## Task item
Go to the line holding "Fanbanden - en podcast om Olsenbanden" in the data below. Return it and each line after it through the last, exactly, and skip the pictures.

---------- Material provided

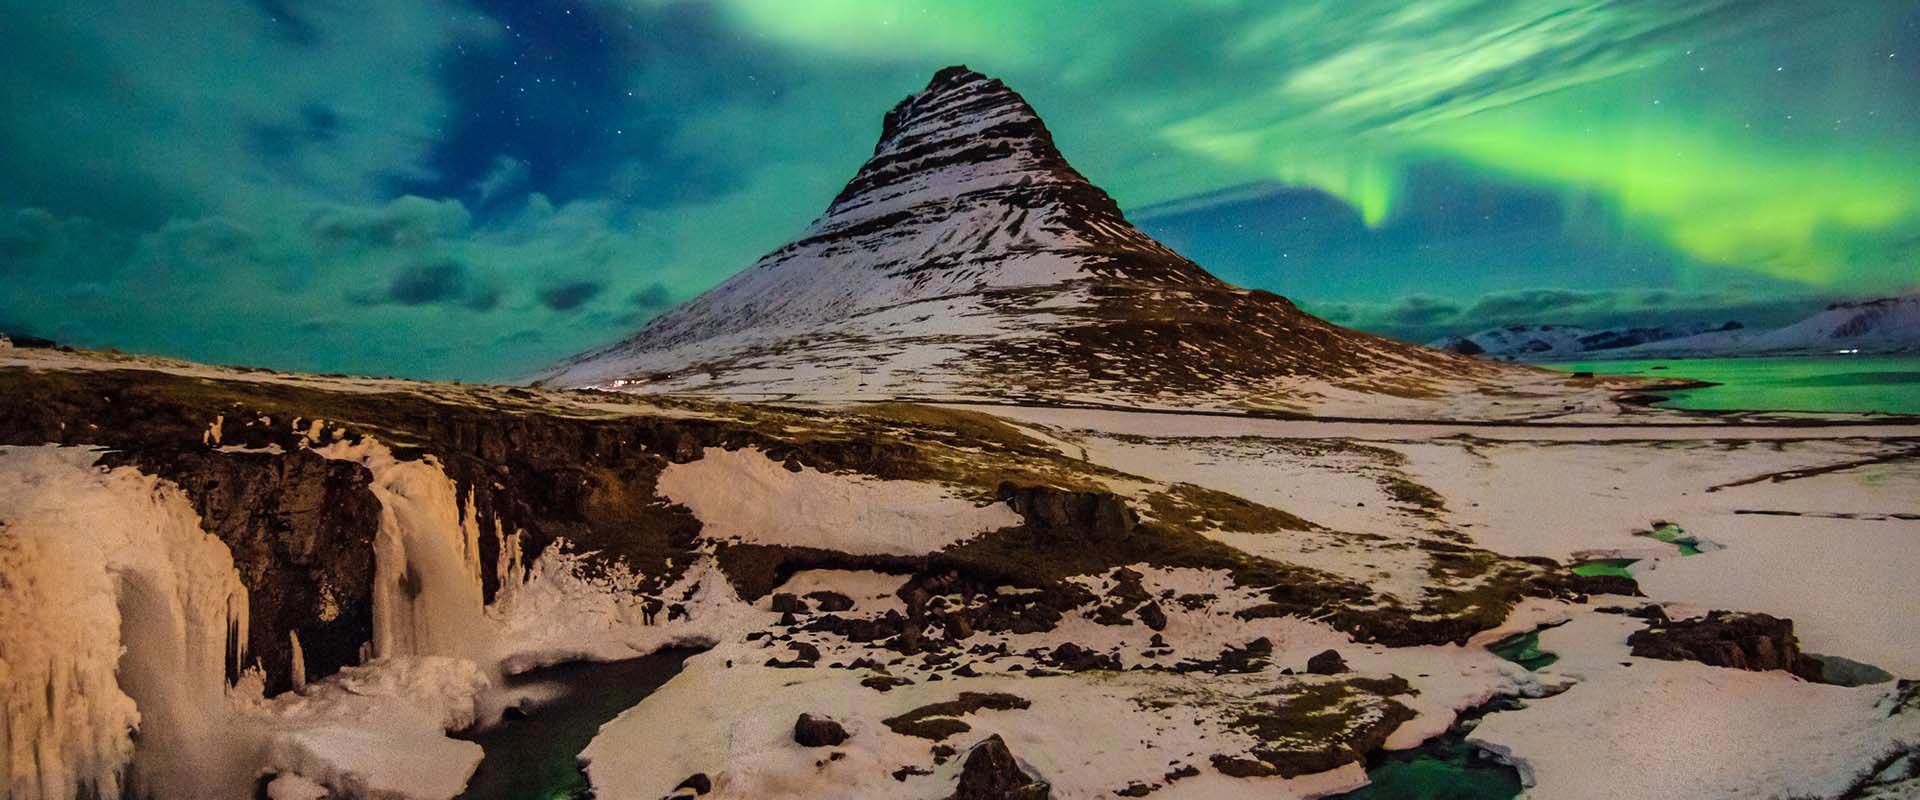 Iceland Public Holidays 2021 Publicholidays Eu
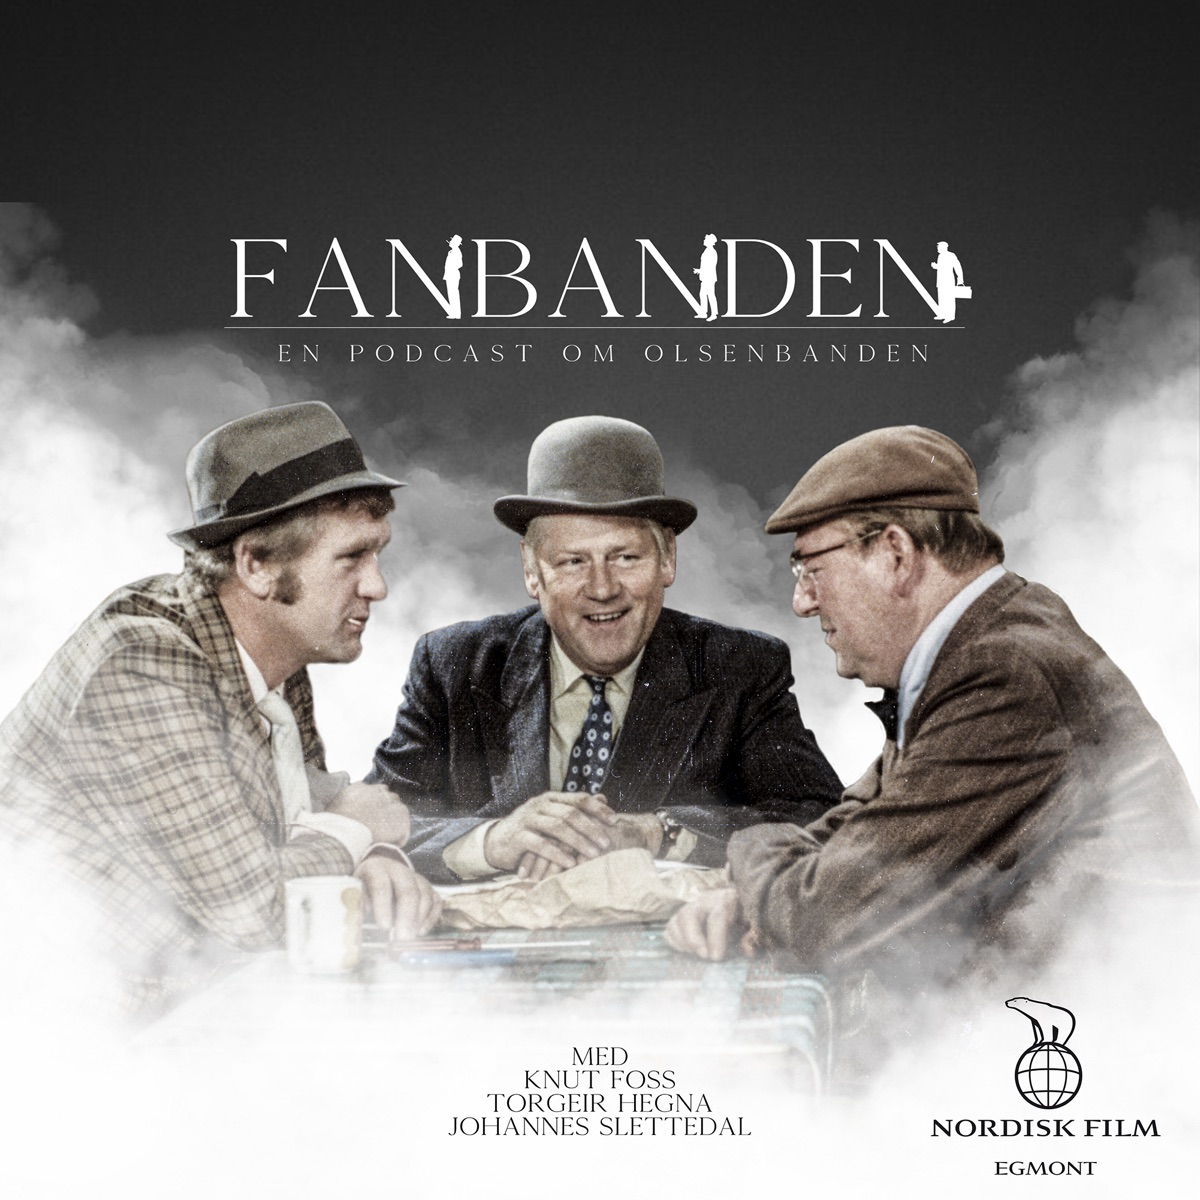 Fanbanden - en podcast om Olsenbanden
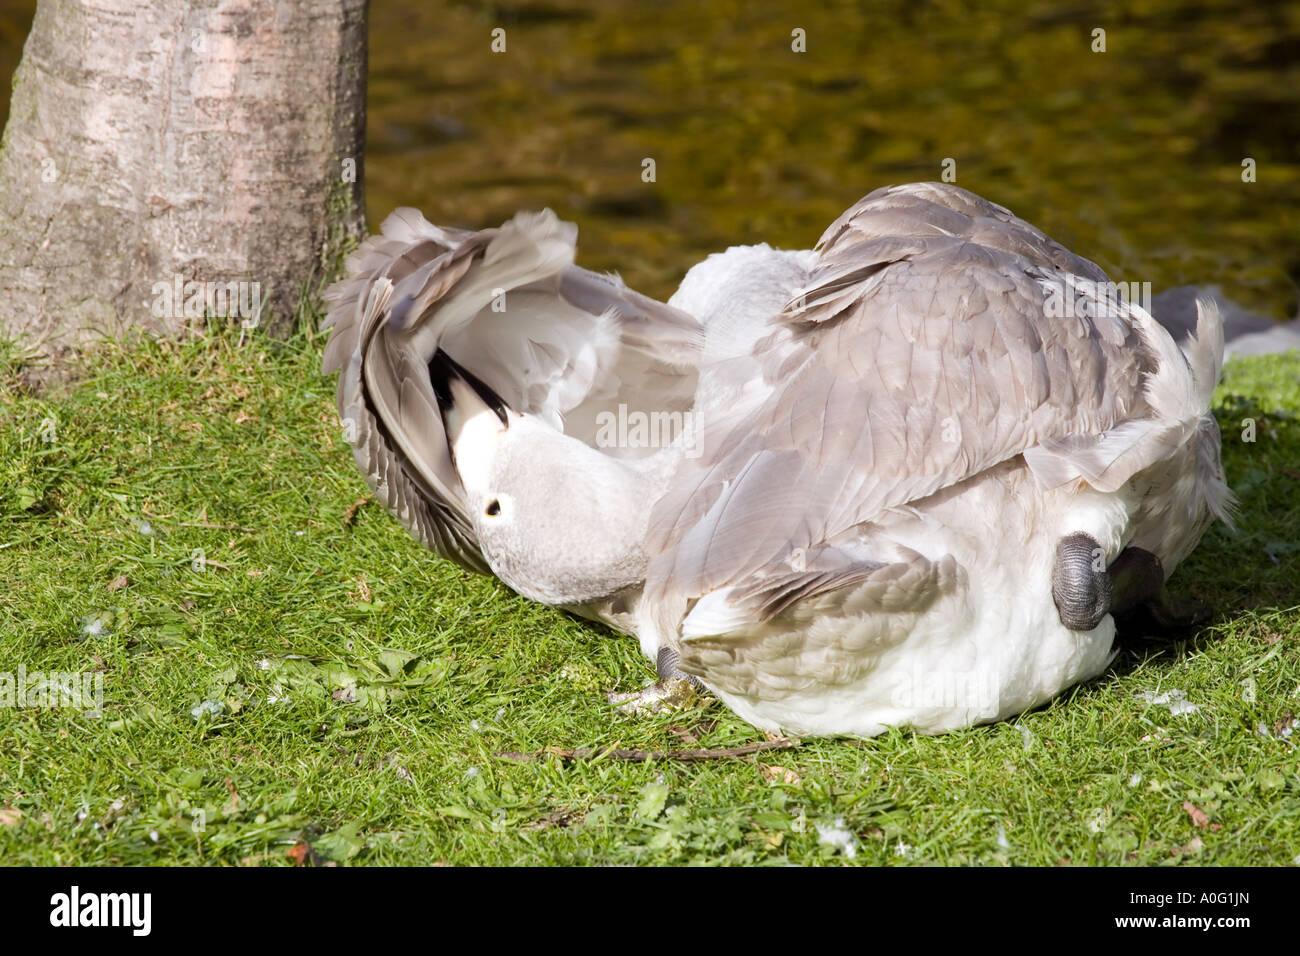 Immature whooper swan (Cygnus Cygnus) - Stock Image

--------------------

## Result for this exercise
 Fanbanden - en podcast om Olsenbanden
 Immature whooper swan (Cygnus Cygnus) - Stock Image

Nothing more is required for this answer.